Problem 11: Five marbles of various sizes are placed in a conical funnel. Each marble is in contact with the adjacent marble(s). Also, each marble is in contact all around the funnel wall. The smallest marble has a radius of 8 mm. The largest marble has a radius of 18 mm. What is the radius (in mm) of the middle marble?

1. 10
2. 11
3. 12
4. 15

Correct Answer is Option (3)

The marbles touch each other and the funnel wall in a manner that their radii form a geometric progression between 8 mm and 18 mm across five marbles.

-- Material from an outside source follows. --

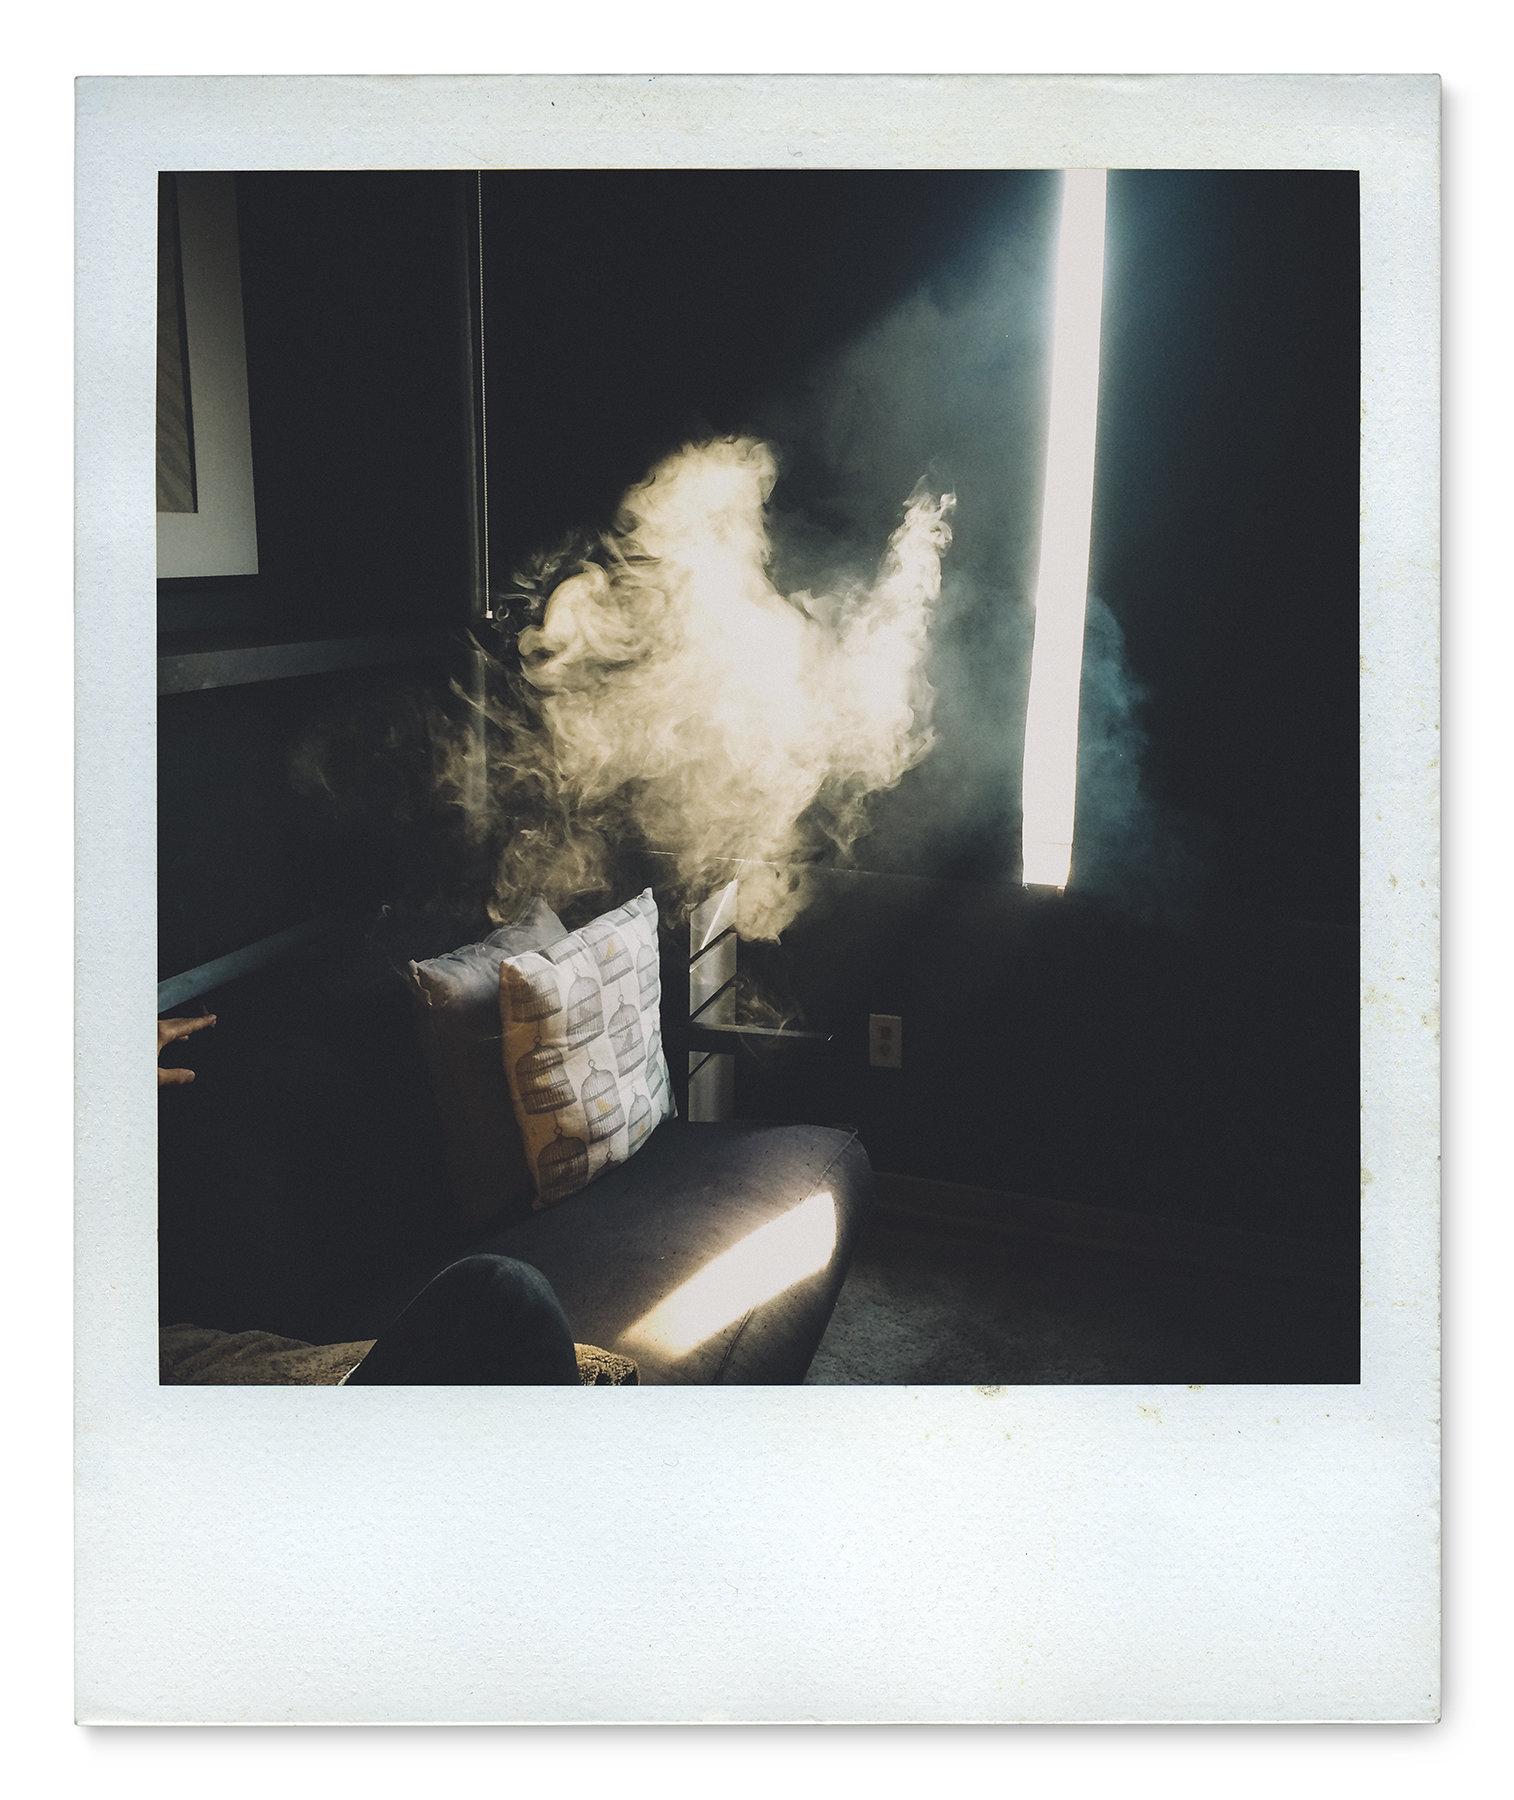 053_Polaroid SX70_IMG_2169.jpg

General formula for geometric progression: r_n = r_1 × q^(n-1).

Here r_1 = 8, r_5 = 18 and n = 5.

So 18 = 8 × q^4.

q^4 = 18/8 = 9/4 = (3/2)².

Hence q^2 = 3/2 ⇒ q = √(3/2).

Middle marble is the 3rd term: r_3 = 8 × q² = 8 × (3/2) = 12 mm.

Problem 12: Three identical cones with base radius r are placed on their base so that each is touching the other two. The radius of the circle drawn through their vertices is 

1. Smaller than r
2. Equal to r
3. Larger than r
4. Depends on the height of the cones

Correct Answer is Option (3)

When three identical cones of base radius r are placed with their bases on the same plane and each base touching the other two, the centres of bases form an equilateral triangle of side 2r.

The circumradius R of an equilateral triangle of side s is R = s / √3.

With s = 2r, the circumradius = (2r) / √3 = (2/√3) r, which is greater than r (since 2/√3 ≈ 1.155 > 1).

Therefore the radius of the circle through the vertices is larger than r.